更改满足条件的NumPy数组的第n个条目 [英] Change n-th entry of NumPy array that fulfills condition

问题描述

我有一个NumPy数组 arr 和一个（反向）掩码掩码。为简单起见，我们假设它们都是1d。我想更改 arr 中的 n 非屏蔽值。

I have a NumPy array arr and an (inverse) mask mask. For simplicity let us assume they are both 1d. I want to change the nth non-masked value in arr.

一个例子：

import numpy as np
arr = np.arange(5)
mask = np.array((True, False, True, True, False))

不幸的是，

arr[mask][-1] = 100

我预计会返回

array([0, 1, 2, 100, 4])

无效关于非连续项目的NumPy数组视图中列出的原因。

解决方法是将允许的值存储在新变量中，更改相应的值，并将所有值复制回原始数组：

A workaround would be to store the allowed values in a new variable, change the respective value, and copy all values back into the original array:

tmp = arr[mask]
tmp[-1] = 100
arr[mask] = tmp

然而，这个解决方案很丑陋且效率低下，因为我必须复制许多我根本不想改变的值。

However, this solution is ugly and inefficient, since I have to copy many values that I do not want to change at all.

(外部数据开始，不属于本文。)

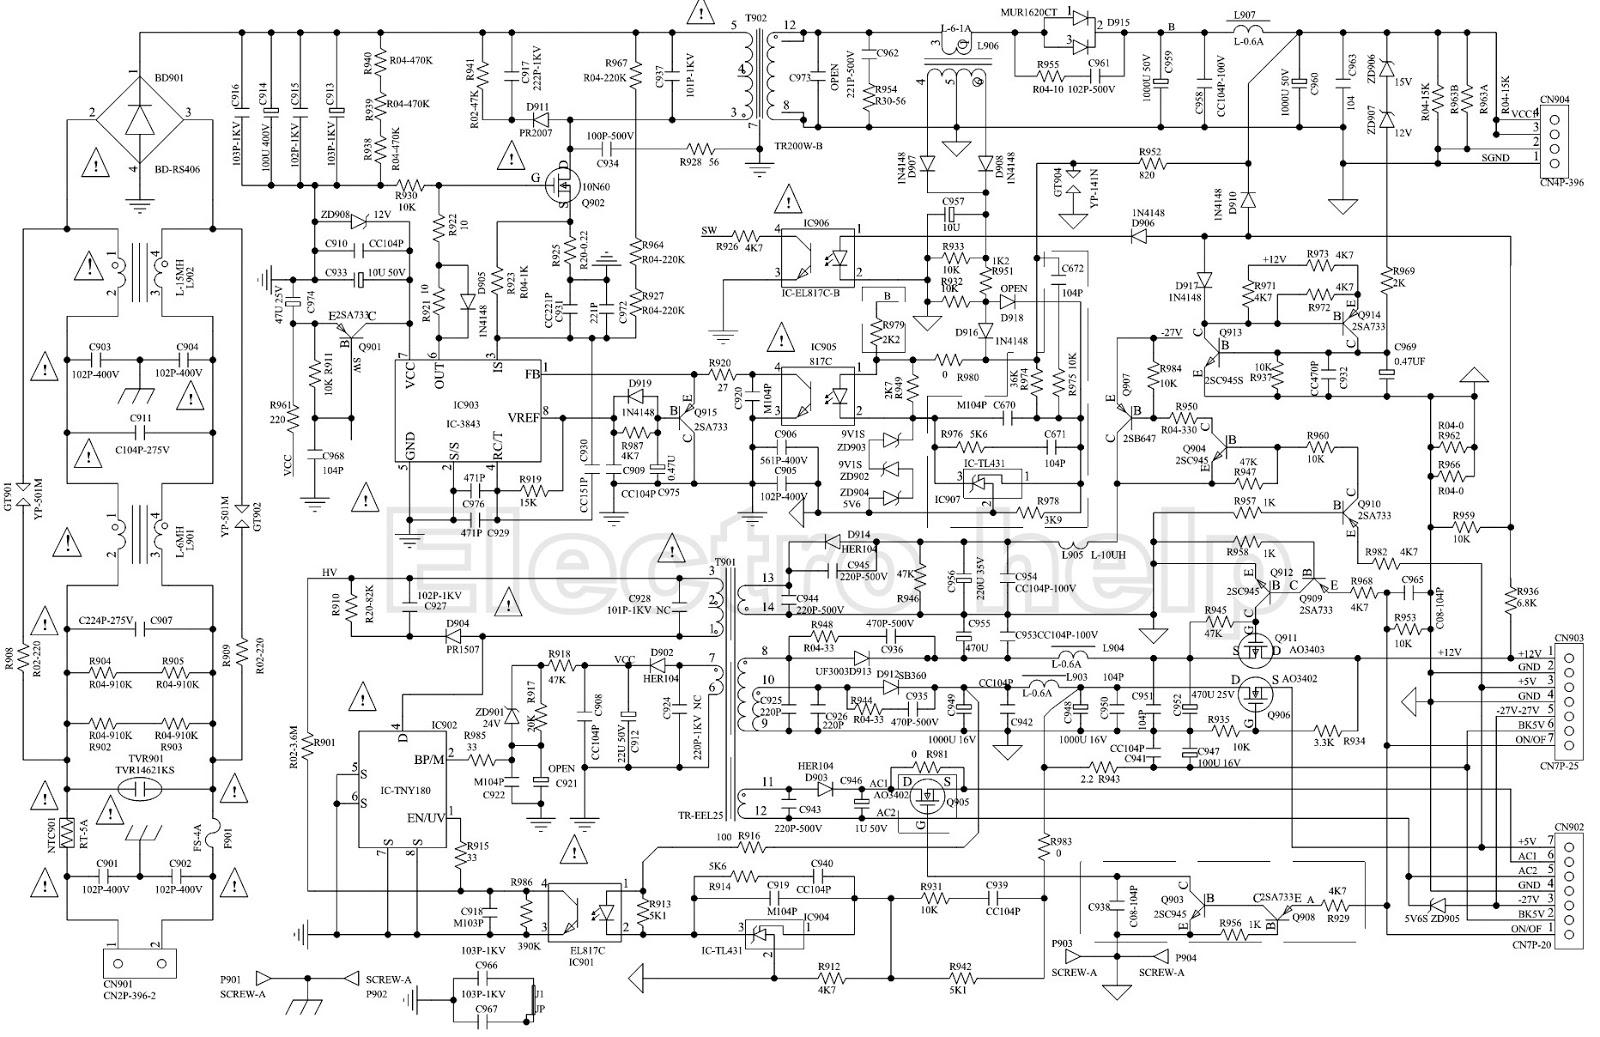 wildfire atv parts diagram html

有没有人有一种优雅的方式来处理这类问题？我会对最通用的解决方案感兴趣，这样我就可以用 tmp 完成所有经典赋值操作。但是，如果有一种有效的方法仅适用于具体的案例，我仍然会对它感兴趣！

Does anyone have an elegant way to deal with this kind of problem? I would be interested in a maximally general solution, so that I could do all classic assignment operations with tmp. However, if there is an efficient way that works only for the concrete dscribed case, I would still be interested in it!

推荐答案

一种选择是使用 np.where 获取掩码条件为 True 。然后，您可以使用这些索引的子集索引到 arr 并进行分配：

One option would be to use np.where to obtain the set of indices where your mask condition is True. You can then index into arr using a subset of these indices and make your assignment:

# np.where returns a tuple of index arrays, one per dimension
arr[np.where(mask)[0][-1]] = 100

print(repr(arr))
# array([  0,   1,   2, 100,   4])

您可以将此方法与切片索引，布尔索引等结合使用。例如：

You could combine this approach with slice indexing, boolean indexing etc. For example:

arr[np.where(mask)[0][::-1]] = 100, 200, 300
print(repr(arr))
# array([300,   1, 200, 100,   4])

这篇关于更改满足条件的NumPy数组的第n个条目的文章就介绍到这了，希望我们推荐的答案对大家有所帮助，也希望大家多多支持IT屋！